Los Hé®oes De Bisharat

Los Hé®oes De Bisharat

[Enrique Gabriel Kirchman Barrios]

“¡Apúrate, Alí!”, exclamó Ismail mientras corría y jaloneaba al pequeño escuálido de 12 años, al ver que el autobús estaba a punto de partir. Padre e hijo llegaron sin aliento a la parada del 39, en la intersección de Coronel Díaz y Santa Fe, pero el conductor les cerró la puerta en la cara. Iracundo, Ismail golpeó la puerta, vociferando algunas obscenidades en su natal árabe y exigiendo que le abrieran, pero el conductor estaba afanado por llegar al patio de la terminal para ceder su turno, que terminaba en media hora. Era día de pago, los golpes e improperios caían sordos ante la bulliciosa fantasía del conductor de sentarse a beber unas birras bien frías en un bar de mala muerte de retiro con sus colegas Gastón y Marcelo, quienes competían en otros dos 39 que minutos antes le habían rebasado.

Ismail corrió detrás hasta donde se lo permitieron sus piernas cincuentonas, una de ellas –la izquierda– afectada por la esquirla de una explosión que lo había dejado con un leve resentimiento en el muslo. Alí se quedó de pie en la acera, desconcertado por la actitud de su padre que regresaba mirando el reloj, todavía maldiciendo. La parada empezó a abarrotarse, pero esta vez Ismail y Alí encabezaban la fila. Se avistaba otro 39 en la ruta. Ismail tomó la mano de su hijo, en la que sostenía un muñeco de Iron Man de madera que aquel le había esculpido, y adelantó unos cuantos pasos para abordar cuando llegara el bus.

Oriundo de Gaza, Palestina, Ismail llegó a Buenos Aires con su esposa e hijo 15 años atrás, escapando de la guerra. Estudió ingeniería eléctrica y diseño industrial en Israel, pero fue su talentoso trabajo de ebanistería, esculpiendo maniquís de madera para los escaparates de las tiendas de ropa, lo que le dio un lugar estable en la económicamente tambaleante ciudad de Suramérica. Desde que su esposa Zari murió de cáncer pulmonar hace 10 años, entró en una profunda depresión. Se dedicó a su hijo, a proveerle de una buena educación, enseñarle el oficio de ebanistería y a inculcarle valores con la esperanza de que se convierta en un importante agente de cambio en el futuro.
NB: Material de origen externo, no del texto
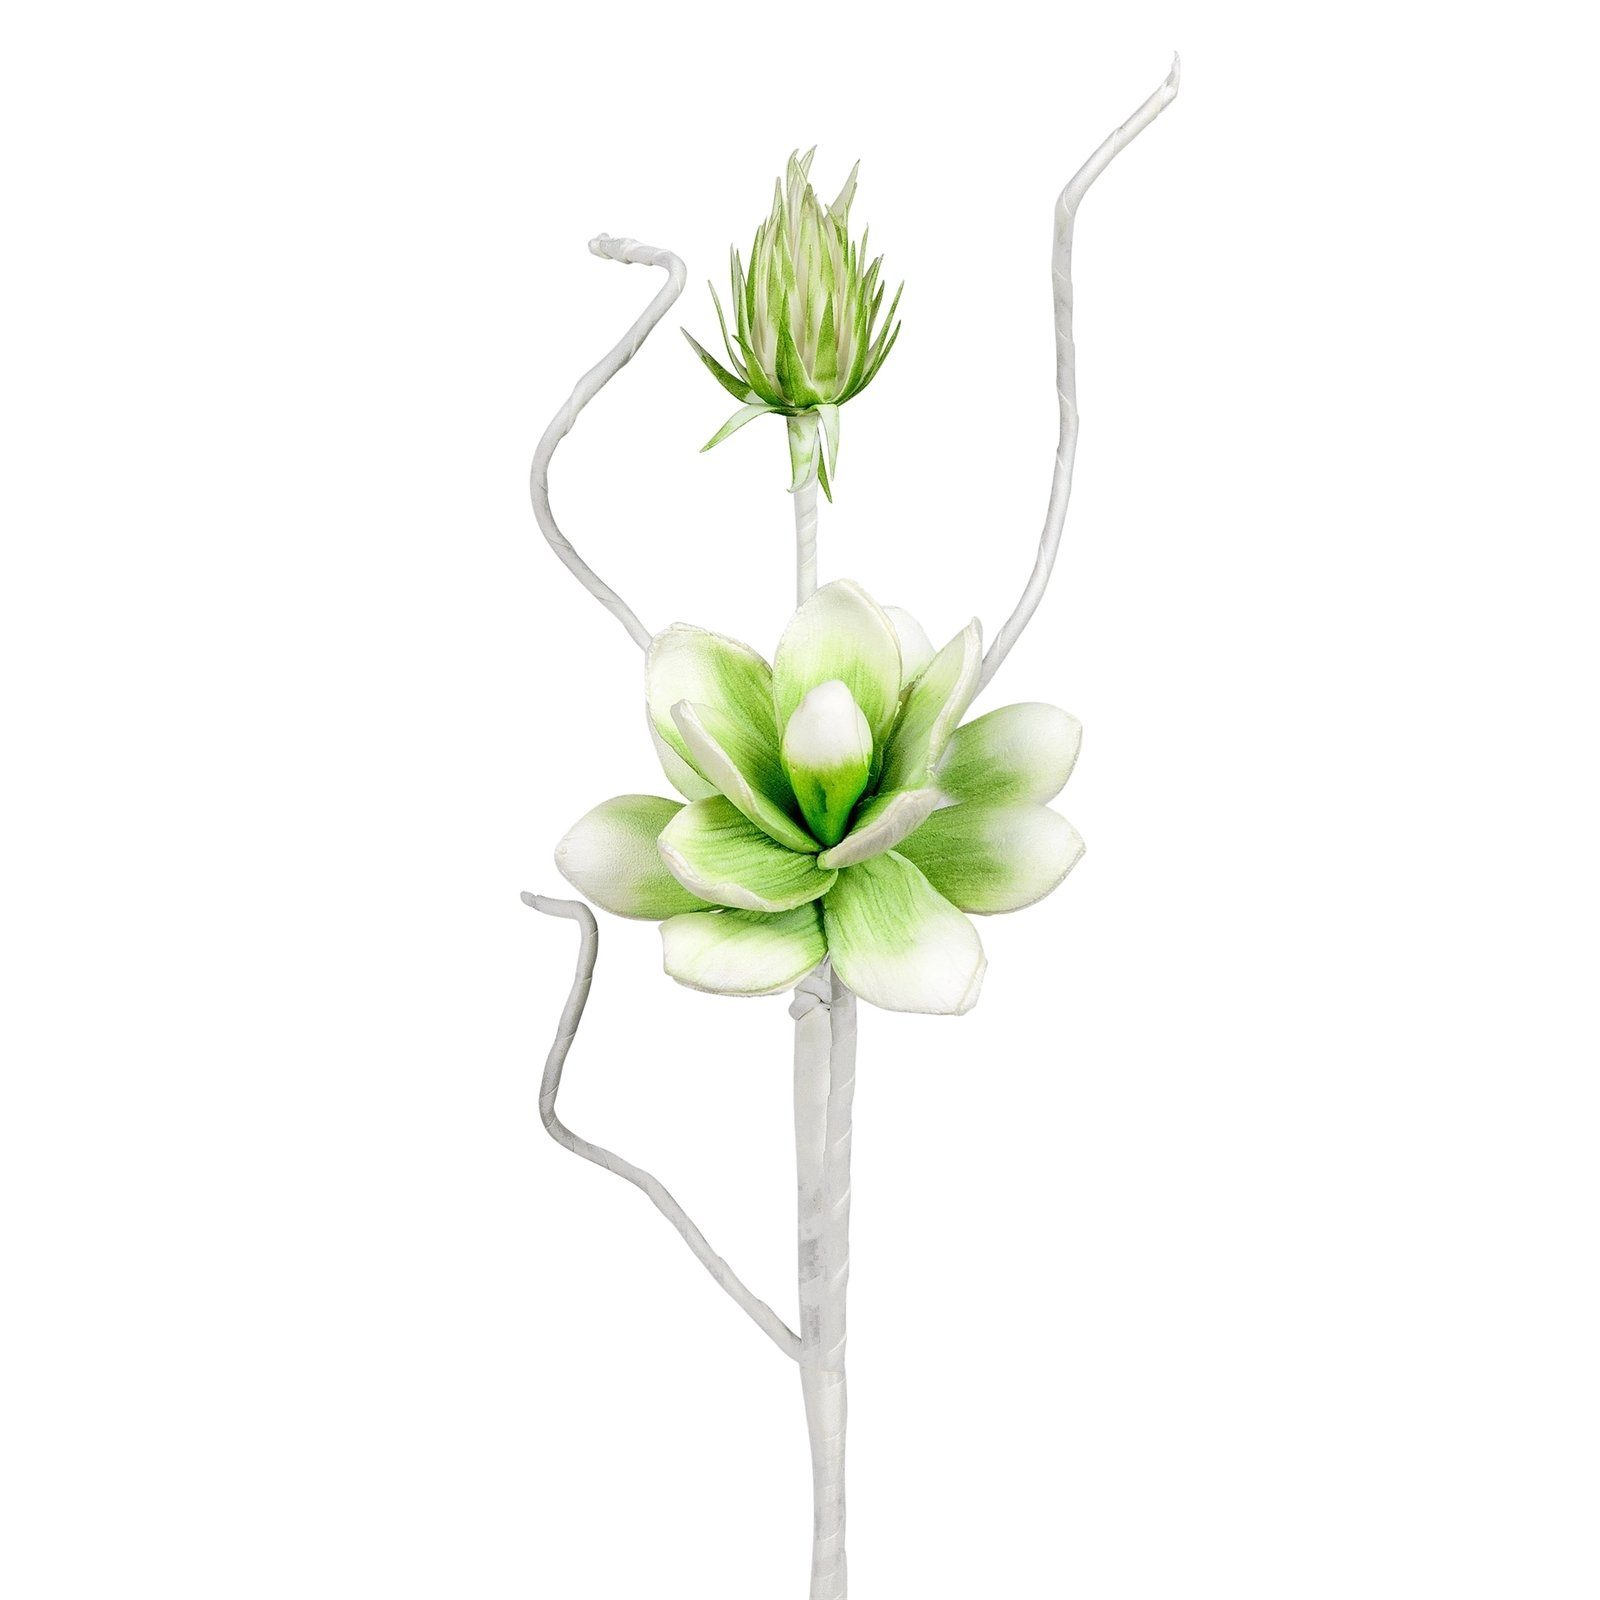 Kunstblume Blütenzweig weiß-grün, formano, Höhe 54 cm

Por primera vez hacía una pausa en su estricto ritmo de vida para llevar a su hijo a Disney, aprovechando que Travel Tours tenía una oferta en la compra de los pasajes, que expiraba a las 4:00 p.m. de aquel día. Si no la aprovechaba, tendría que comprarlos hasta $200 dólares más caros; un lujo que no podían darse.

El 39 se estacionó frente a ellos. Ismail levantó a su hijo y lo subió al primer escalón. El autobús llegó vacío, por lo que se sentaron en el último asiento, pero enseguida se llenó. Al lado de Alí, un hombre transpirado, desgreñado, vestido con un saco que le quedaba grande y una corbata gris pálida por las continuas lavadas, sostenía un maletín y miraba continuamente su reloj. Su actitud inquieta llamó la atención del pequeño, quien no dejaba de escudriñarlo. El hombre colocó su maletín en el suelo. Seguía mirando el reloj y movía los labios como si estuviera contando. De repente tocó el timbre de parada y se abrió camino entre la gente hasta la salida. Alí vio el maletín en el suelo y se levantó enseguida para entregárselo. “Alí, ¿qué hacés? ¿A dónde vas?”, gritó su padre intentando levantarse, pero Alí le hizo señas de que se esperara. El autobús se detuvo y las puertas se abrieron. Alí no pudo atravesar entre el tumulto de gente que bloqueaba la salida, por lo que se subió sobre una señora, abrió la ventana y sacó el maletín. “¡Señor, su maletín!”, advirtió con una sonrisa de satisfacción por haber hecho la buena obra del día. El hombre bajo del autobús y miró hacia la ventana. Sus ojos se abrieron más allá de lo normal. “¡No, no!”, gritó con el rostro pálido y corrió para alejarse. La sonrisa de Alí desapareció y atinó a soltar el maletín en el exterior. El estruendo que siguió, dejó aturdida a toda la cuadra. La gente corría atolondrada de un lado al otro. La explosión mató a diez pasajeros del autobús, el cual se había volteado por el impacto. Otros siete resultaron gravemente heridos, entre esos Alí.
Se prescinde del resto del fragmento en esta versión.